# Accuracy of channel identification based on finite data record

Started by April 5, 2007
I have an FIR channel that I would like to identify, say
h[n].  To do this, I create a test signal x[n] of length N
as an input to the channel, and I measure the output
of the channel y[n].

Let's say that I obtain N samples of y[n] for simplicity.

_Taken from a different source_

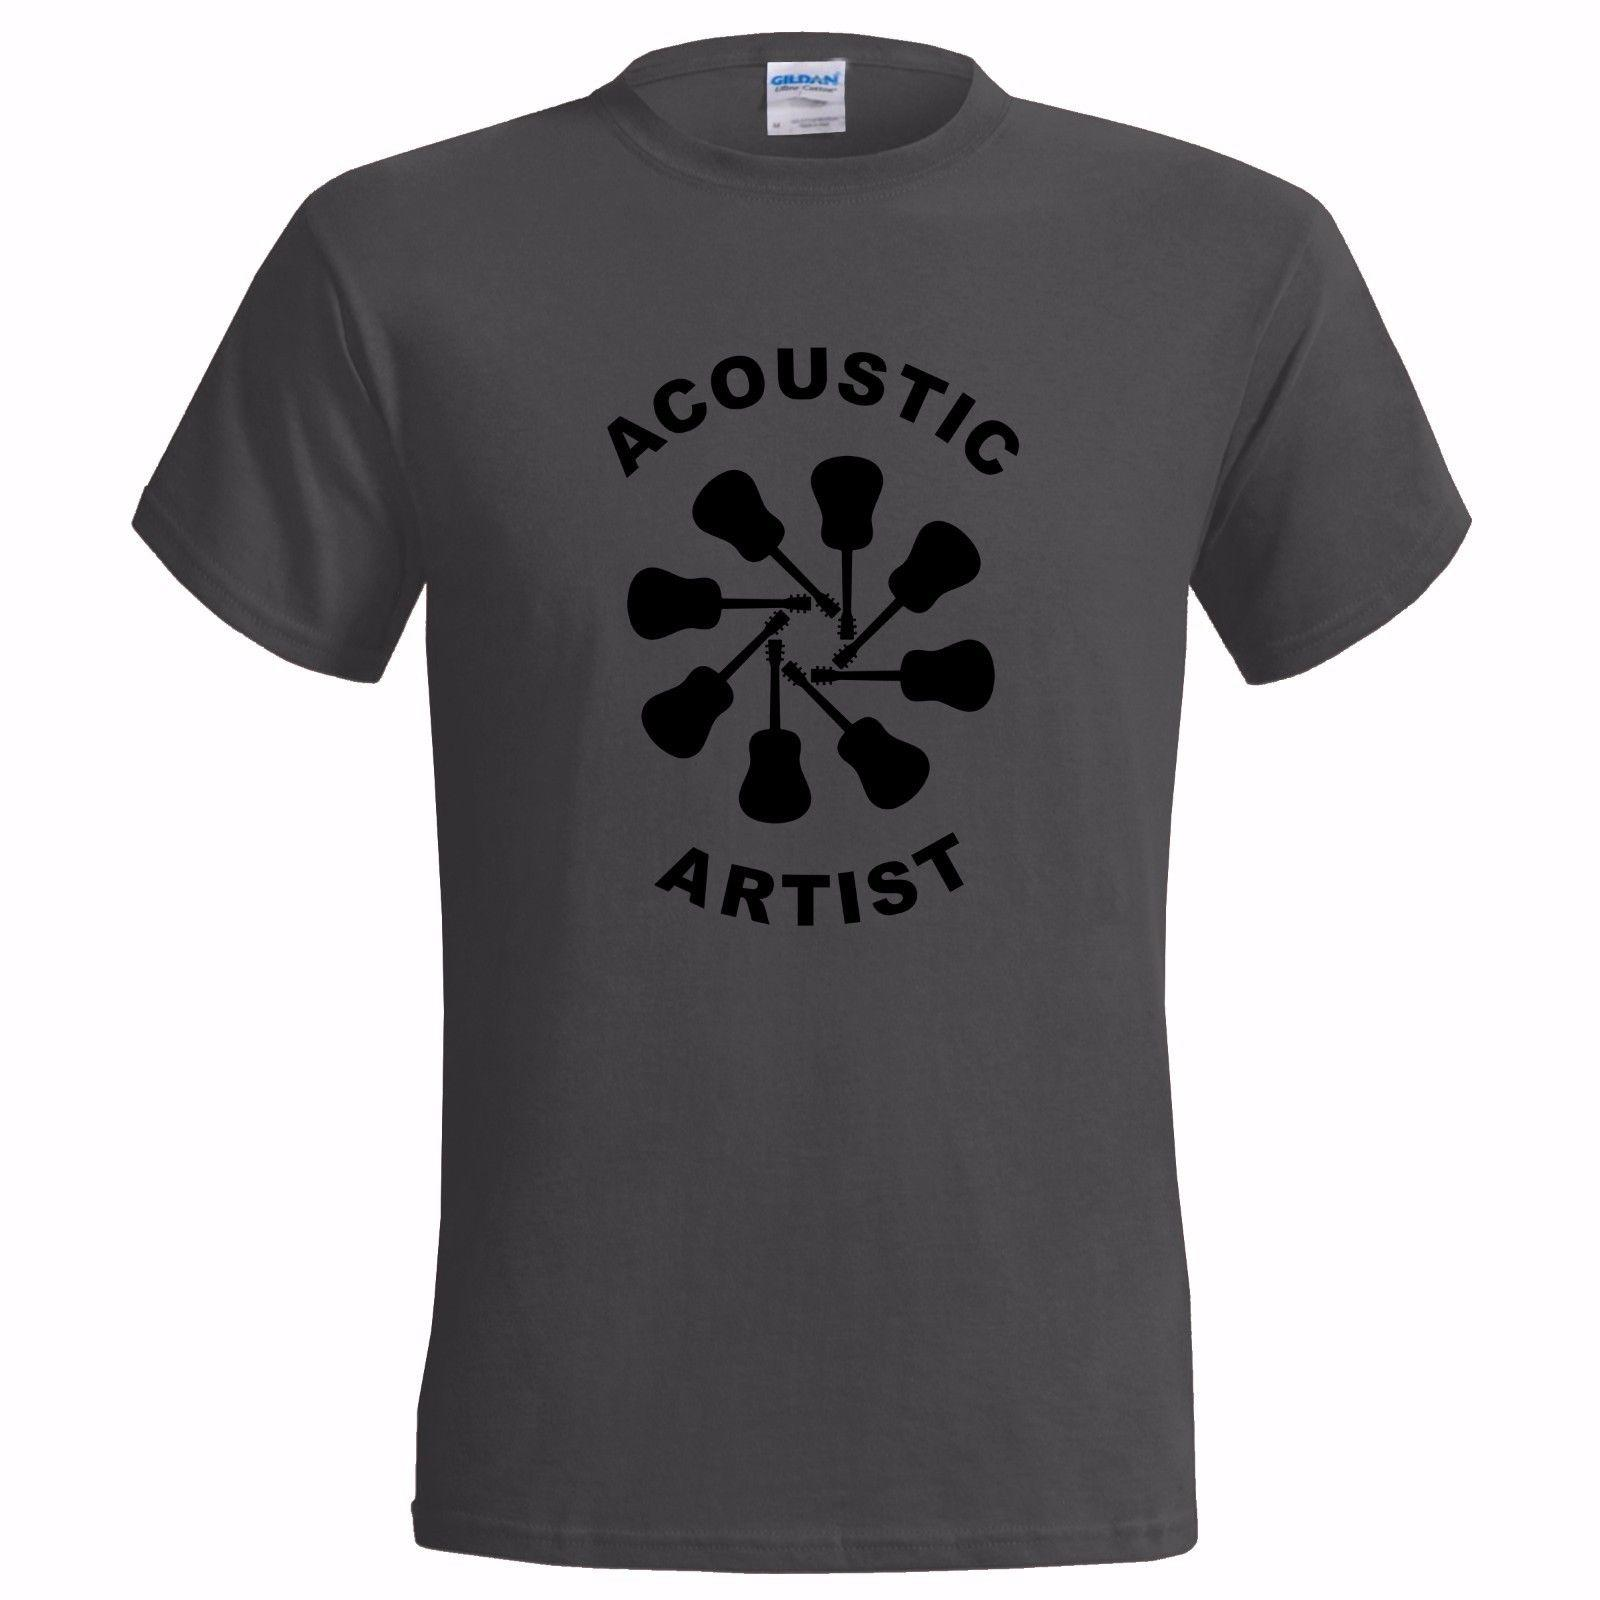 best sale top-rated cheap usa cheap sale ACOUSTIC ARTIST LOGO DESIGN MENS T SHIRT GUITAR GUITARIST PLAYER TEACHER  MUSIC Classic Quality High T Shirt Shirt T Shirt Funny T Shirts Cheap From  ...

Then I estimate the autocorrelation rxx[m] of x[n], and
the cross-correlation rxy[m] between x[n] and y[n].
Since I have finite N, then the quality of the estimates
rxx[m] decreases with m since I have fewer terms to
average over.  So far so good.

Now, my estimate of the channel is given by solving
Rxx h = rxy,
basically a Wiener filter type of estimation.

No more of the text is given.